Two options for edge scenarios:

Option	How	Trade-offs
Run SLM locally on edge device	Deploy a Small Language Model directly onto the device	Low latency, offline capable, limited model capability
Call remote LLM via API	Edge device sends request over internet to a server running a large model	More powerful model, but requires internet + higher latency

Real-Time vs. Batch Comparison:

Feature	Real-Time	Batch
Response time	Immediate (ms to s)	Delayed (minutes to days)
Data volume	One request at a time	Large dataset at once
Priority	Speed	Accuracy / throughput
Use case	Chatbots, live recommendations	Overnight reports, bulk analysis
Cost efficiency	Higher per-request cost	Lower per-request cost

Key Terms

Term	Definition
Inferencing	The process of using a trained ML model to make predictions on new, unseen data. The production/deployment phase of the ML lifecycle.
Real-Time Inferencing	Producing model predictions immediately as individual requests arrive. Prioritizes speed. Used in chatbots, fraud detection at point-of-sale, and live recommendations.
Batch Inferencing	Accumulating a large dataset and running model predictions on the entire batch at once. Prioritizes accuracy and throughput over speed. Used for overnight reports and bulk analysis.
Edge Inferencing	Running ML models directly on devices at or near the data source, rather than on remote cloud servers. Enables low-latency, offline-capable inference on limited hardware.
SLM (Small Language Model)	A compact language model designed to run on devices with limited computing power (edge devices). Trades some capability for dramatically reduced compute requirements.
Edge Device	A computing device located at or near the source of data generation -- smartphones, IoT sensors, Raspberry Pi, cameras. Typically has limited CPU/memory and may lack reliable internet.
Latency	The time delay between a request and its response. Real-time inferencing prioritizes low latency; batch inferencing accepts higher latency for cost savings.
Throughput	The number of requests or data points that can be processed in a given time period. Batch processing typically has higher throughput than real-time.
Model Deployment	The process of taking a trained model and making it available for use in a production environment to make predictions on new data.
API Endpoint	A URL that applications can call to send data to a model and receive predictions in response. Used for real-time inferencing in cloud deployments.

Exam Tips:

Real-Time inferencing = immediate response, speed priority. Batch inferencing = delayed, accuracy/throughput priority.
Edge inferencing trade-off: SLM locally = low latency + offline capable, but limited power. Remote LLM = more powerful, but requires internet + higher latency.
Exam scenario: 'must work without internet' -> edge device with local SLM. 'Needs most powerful model' -> API call to remote LLM.
Batch = cost-efficient for bulk processing. Real-time = higher per-request cost but immediate.
Amazon Bedrock batch mode is an example of batch inferencing -- 50% cost savings but not real-time.
Training = learning phase (expensive, done once). Inferencing = prediction phase (cheaper per request, continuous).
Real-time use cases: chatbots, fraud detection at checkout, voice assistants, live recommendations.
Batch use cases: nightly reports, monthly analytics, processing large datasets overnight.
Edge devices include: smartphones, IoT sensors, Raspberry Pi, factory cameras, drones.
Latency = delay time. Throughput = volume processed. Know both terms for inferencing questions.

Practice Questions

Q1. A logistics company wants to deploy an ML model on handheld scanners used in warehouses with no internet connectivity. The model must classify package types instantly at the point of scanning. Which inferencing approach is MOST appropriate?

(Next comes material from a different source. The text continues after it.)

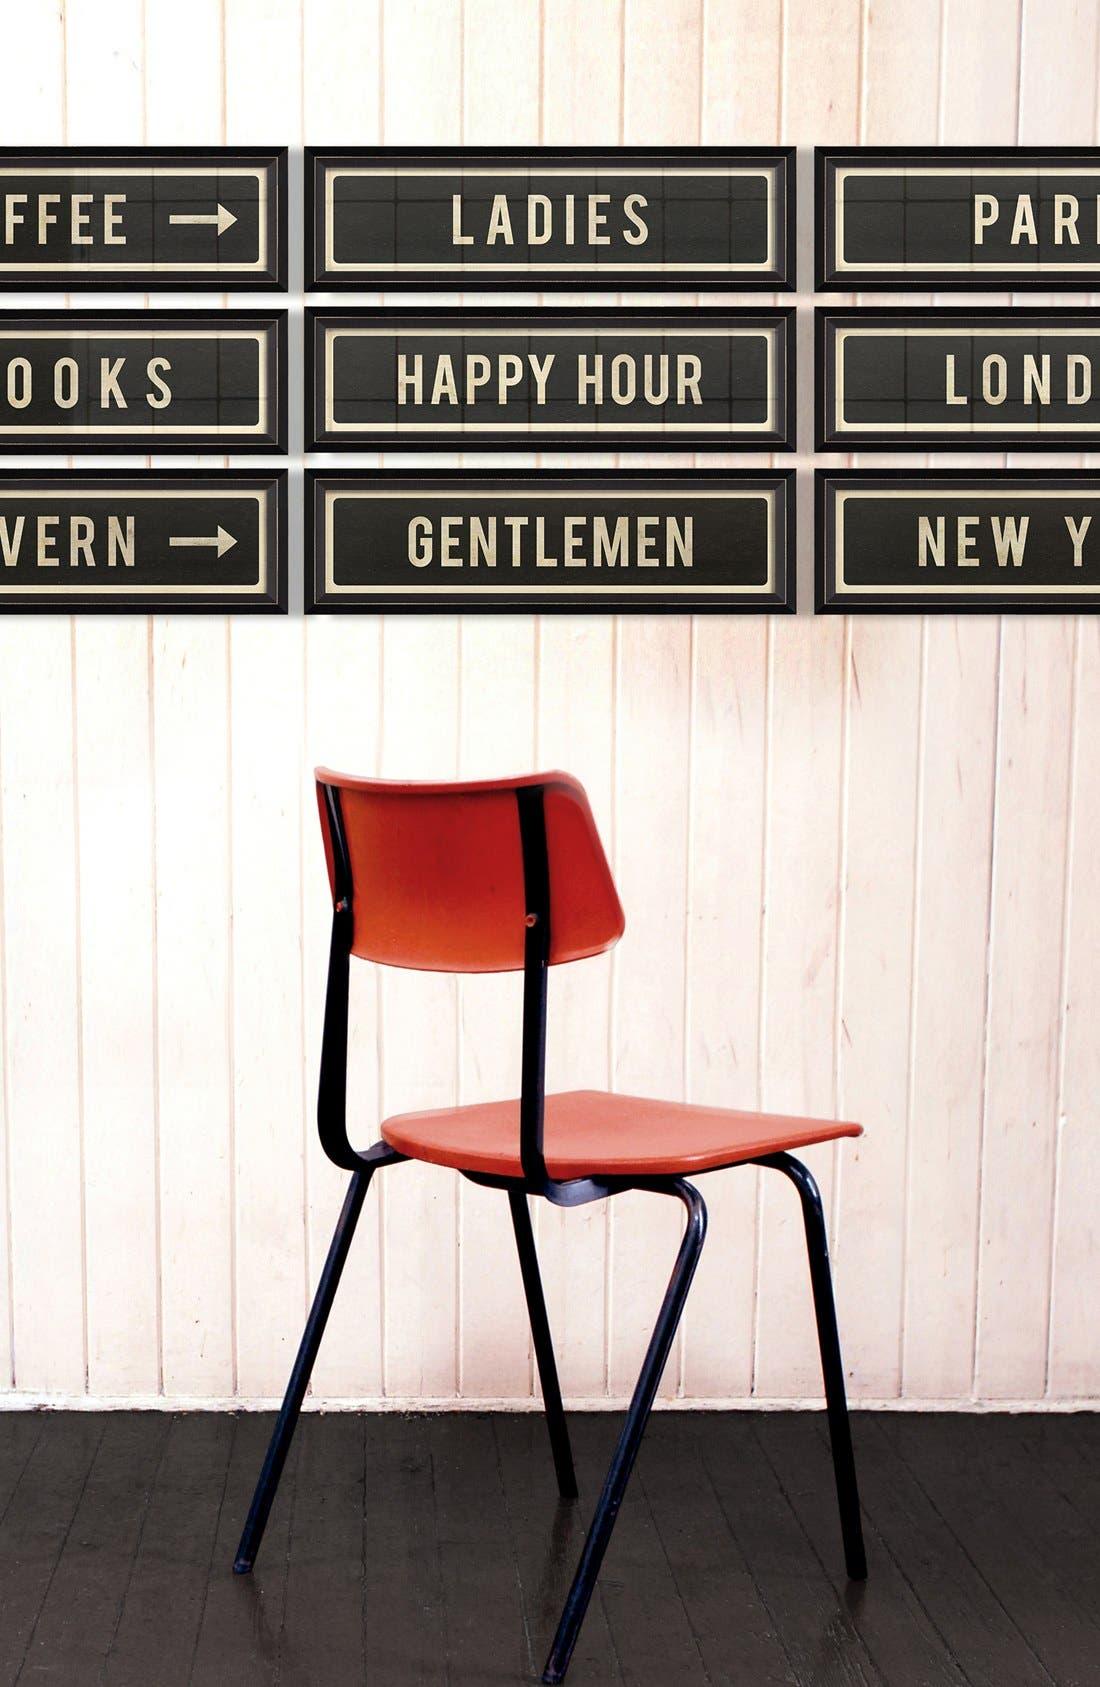 'Happy Hour' Vintage Look Street Sign Artwork,                             Alternate thumbnail 3, color,                             001
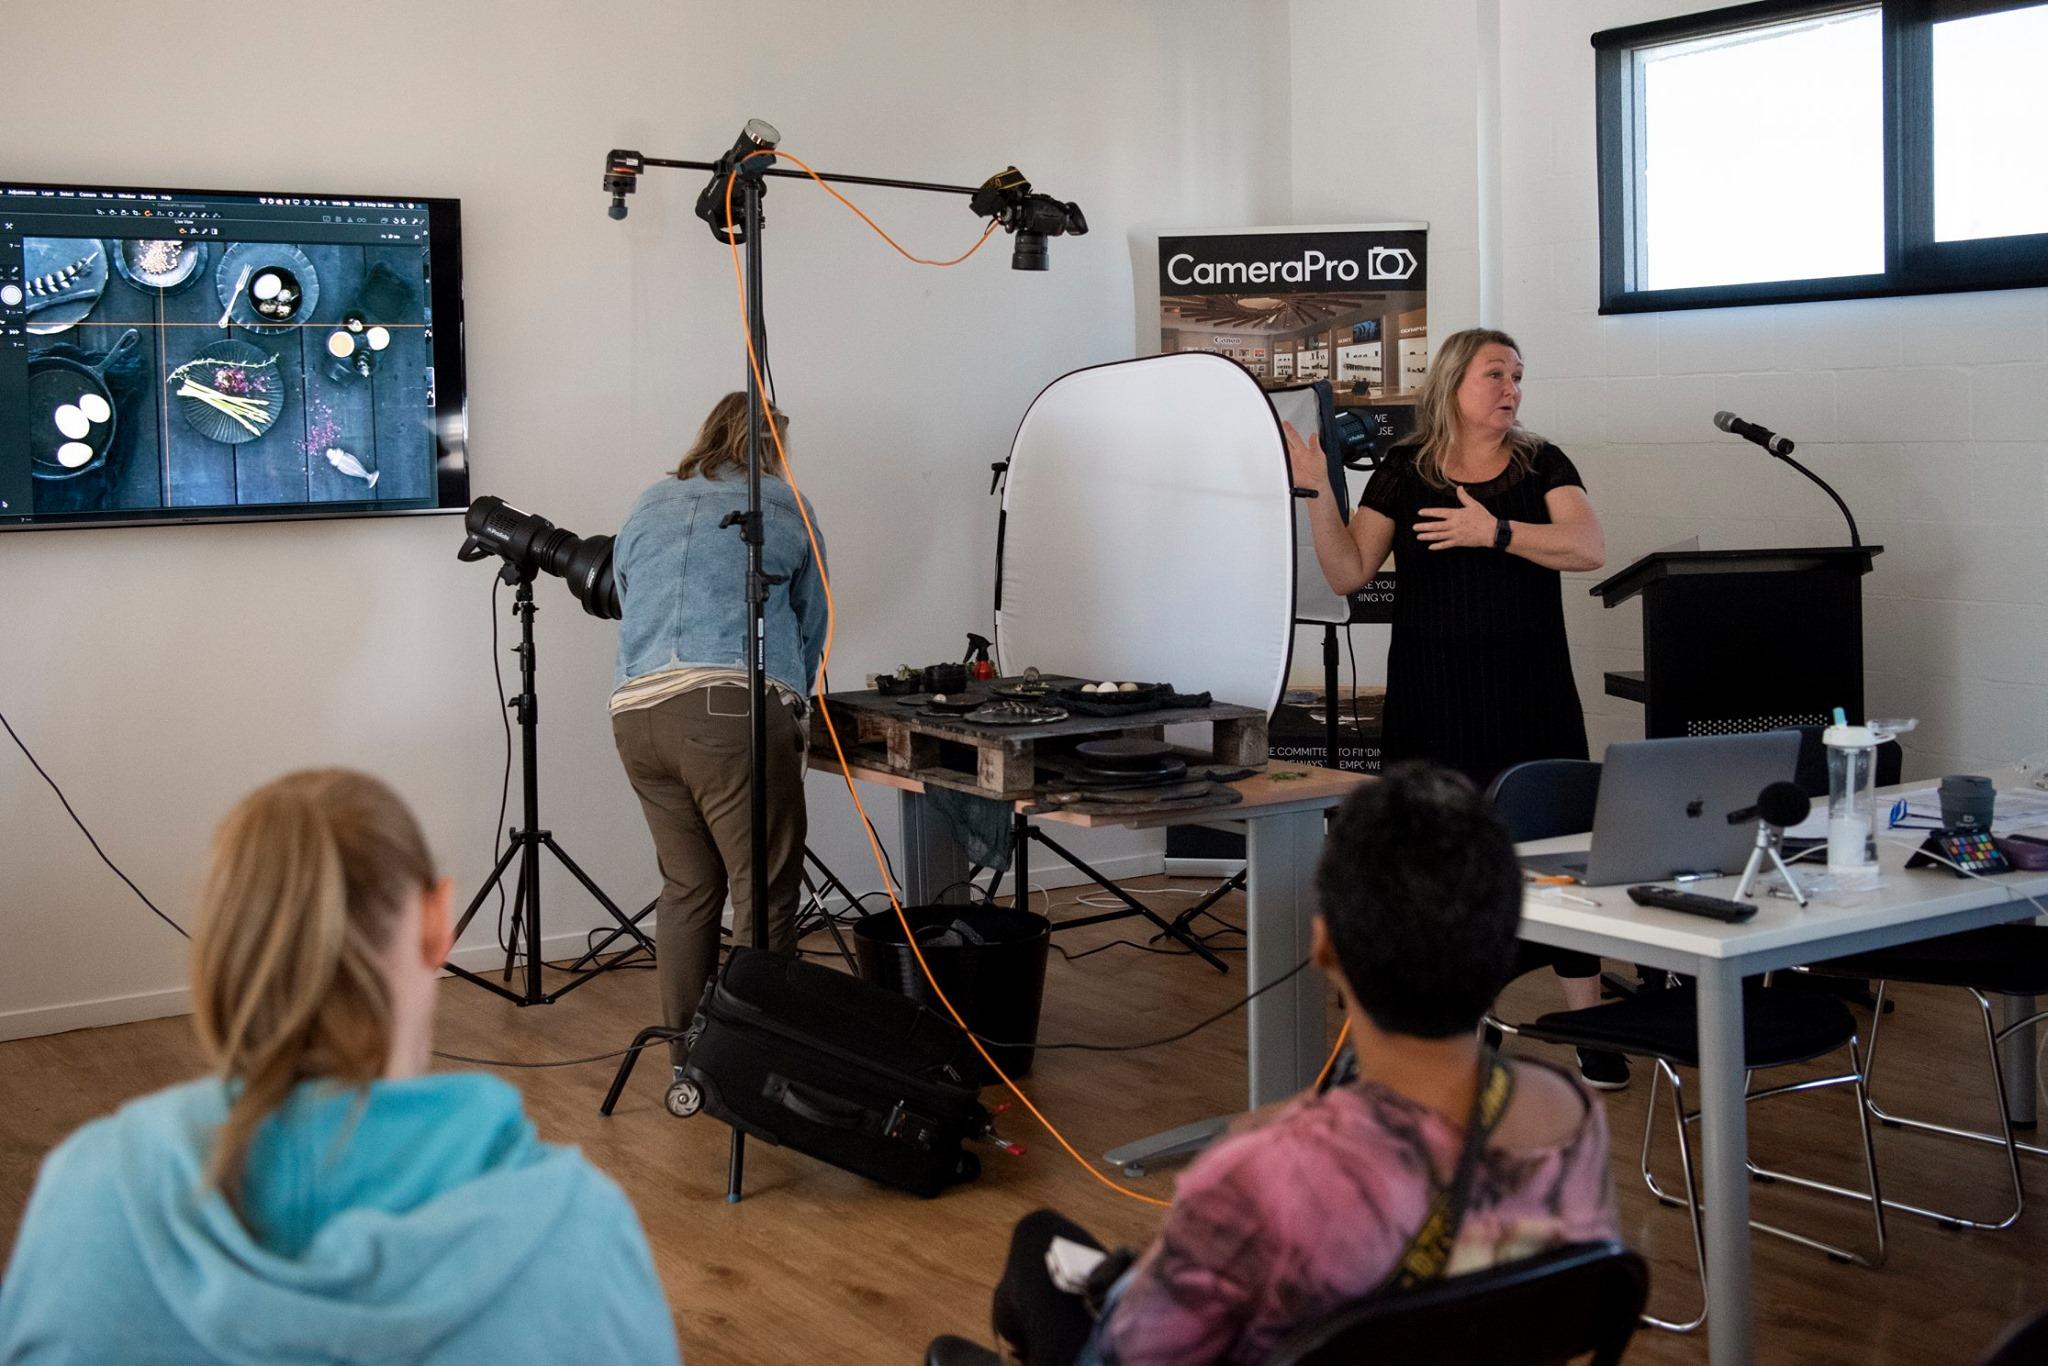 food photography seminar with nadine shaw

Real-time inferencing via API call to a remote LLM
Batch inferencing -- collect scan data and process nightly
Edge inferencing with a Small Language Model deployed locally on the handheld scanner
Batch inferencing via Amazon Bedrock batch mode with 50% cost savings

Answer: C

The requirements are: no internet connectivity AND immediate results. Edge inferencing with a locally deployed Small Language Model (SLM) satisfies both -- it runs on the device without internet and delivers immediate results. A remote API call requires internet. Batch processing is not real-time.

Q2. A financial services company needs to analyze all credit card transactions from the past month to identify fraud patterns. Results are needed by next week for a quarterly report. Which inferencing approach should they use?

Real-time inferencing -- to get immediate fraud predictions
Batch inferencing -- to process the large historical dataset efficiently
Edge inferencing -- to run analysis on local devices
Streaming inferencing -- to process transactions as they arrive

Answer: B

Batch inferencing is ideal for processing large volumes of historical data when immediate results aren't required. Since they have a week to produce results and are analyzing past transactions (not live ones), batch processing provides the most cost-effective and efficient approach.

Q3. A customer service team is implementing a chatbot that must respond to customer queries within 2 seconds. Which inferencing approach is required?

Batch inferencing -- to queue and process queries efficiently
Real-time inferencing -- to provide immediate responses to each query
Edge inferencing -- to run the model on customer devices
Asynchronous inferencing -- to process queries in the background

Answer: B

Chatbots require real-time inferencing because users expect immediate responses. The 2-second requirement demands low-latency, synchronous predictions for each individual query. Batch processing would queue messages and respond later, which is unacceptable for conversational AI.

Q4. A security camera system needs to detect intruders in real-time at remote locations with unreliable internet. What is the BEST deployment strategy?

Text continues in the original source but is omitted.